Toy vehicle with novel drive structure
By using a dual-roller drive structure and transmission system, the problems of insufficient power and poor obstacle-crossing ability of toy cars have been solved, resulting in stronger off-road performance.
Patent Information
- Authority / Receiving Office
- CN · China
- Patent Type
- Utility models(China)
- Current Assignee / Owner
- JINJIANG FUTAI GUANGYI TOYS CO LTD
- Filing Date
- 2025-07-14
- Publication Date
- 2026-06-26
AI Technical Summary
The existing toy cars have poor power and insufficient ability to overcome obstacles, making them easily blocked and unable to get out of trouble.
It adopts a dual-roller drive structure, combined with a servo motor, electric cylinder and transmission belt drive system, to achieve synchronous drive of the rollers and lifting of the base plate. Through the cooperation of the sliding plate and the top plate, it can increase power and overcome obstacles.
It significantly improves the toy car's power and ability to overcome obstacles, preventing it from being blocked by potholes or obstacles and making it easier to drive out of trouble.
Smart Images

Figure CN224404331U_ABST
Abstract
Description
Technical Field
[0001] This utility model relates to the field of toy vehicle technology, and in particular to a toy vehicle with a novel drive structure. Background Technology
[0002] Toy cars are a type of simulated vehicle toy designed specifically for children with entertainment as its core function. They are usually based on real-world transportation vehicles (such as cars, trucks, trains, etc.) and combine fun, interactivity, and certain educational value.
[0003] In this regard, Chinese utility model patent with authorization announcement number CN201267717Y discloses a toy car, including a car body and a motor. The front part of the car body is hinged with a door, and the rear part is hinged with a cargo box. The motor is connected to an intermittent motion mechanism, which is connected to a four-bar linkage that can lift the cargo box and make it rotate around the hinge axis.

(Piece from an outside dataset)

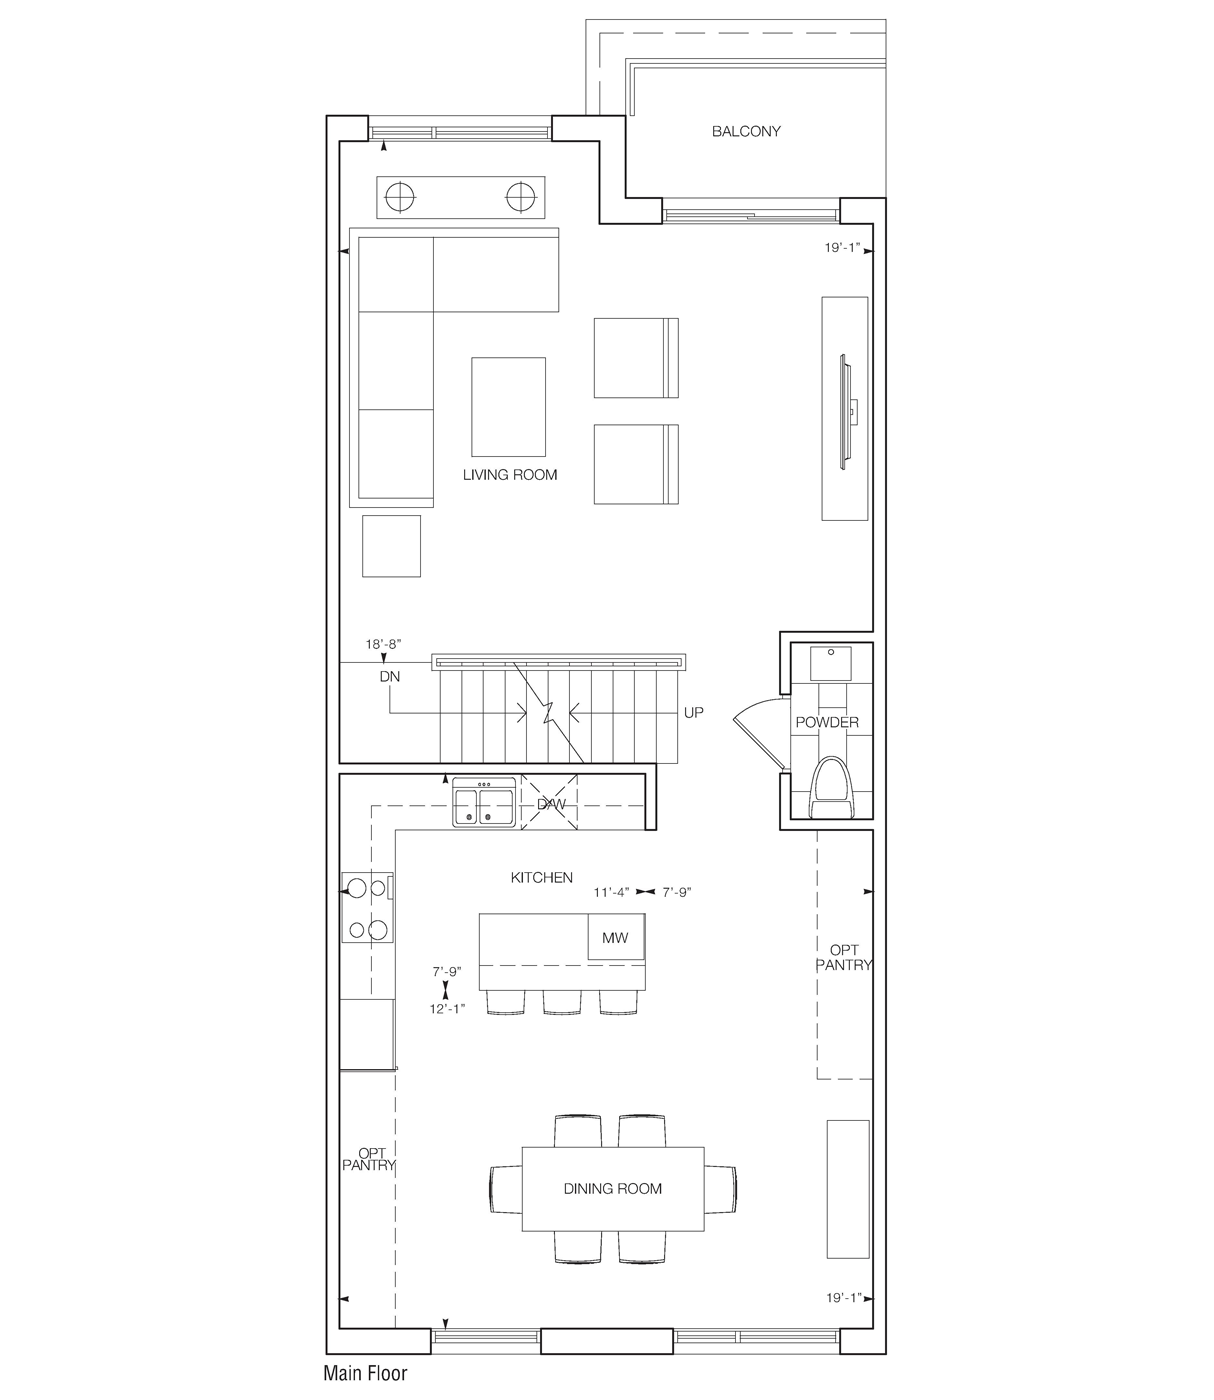 Living Room & Dining Room Flooplan
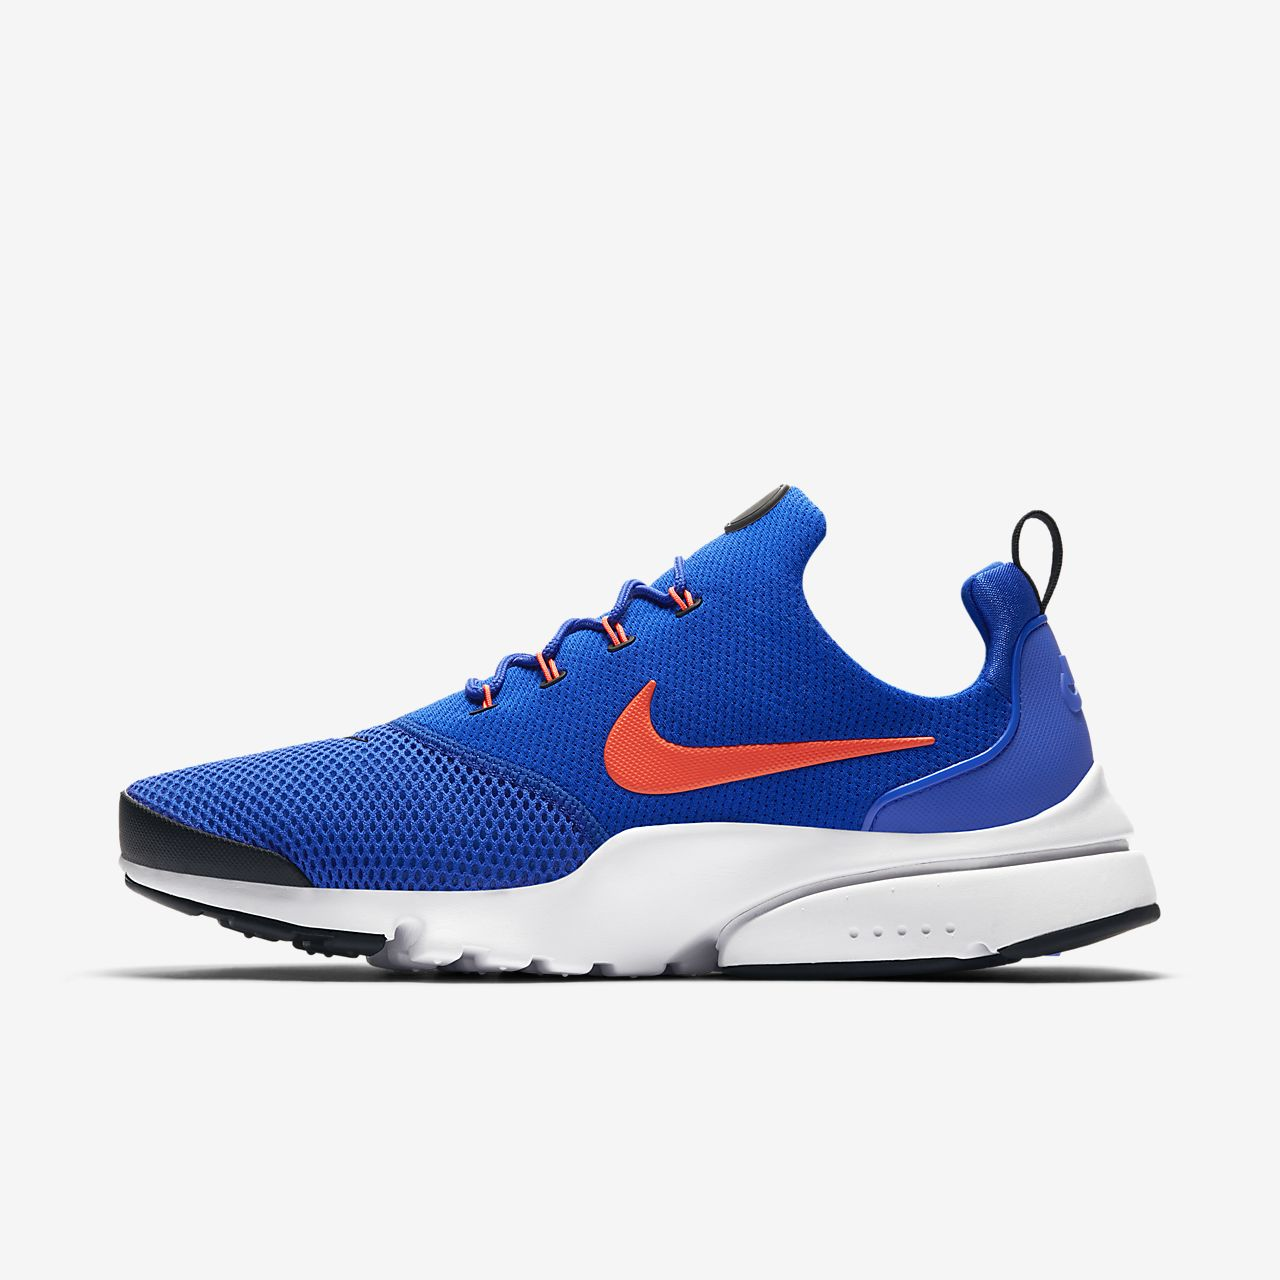 Pour Chaussure Nike HommeMa Fly Presto Yfyg6b7

[0004] However, current toy cars have the following drawbacks: they are usually poorly powered and have a poor ability to overcome obstacles. When encountering obstacles and potholes, they are easily blocked and have difficulty getting out of trouble.
[0005] Therefore, we propose a toy car with a novel drive structure to solve the above problems. Utility Model Content
[0006] The purpose of this invention is to provide a toy car with a novel drive structure to solve the problems mentioned in the background art.
[0007] To achieve the above objectives, this utility model provides the following technical solution: a toy car with a novel drive structure, comprising a base plate, on both sides of the base plate being rotatably provided with first rotating rods, both ends of the first rotating rods being fixedly connected with first rollers, slots being provided on both sides of the middle of the first rotating rods, and sliding plates being slidably connected inside the two slots, top plates being fixedly connected to the tops of the two sliding plates, and two cylindrical rods being rotatably provided at the bottom of the sliding plates, with second rollers fixedly connected to the ends of the cylindrical rods.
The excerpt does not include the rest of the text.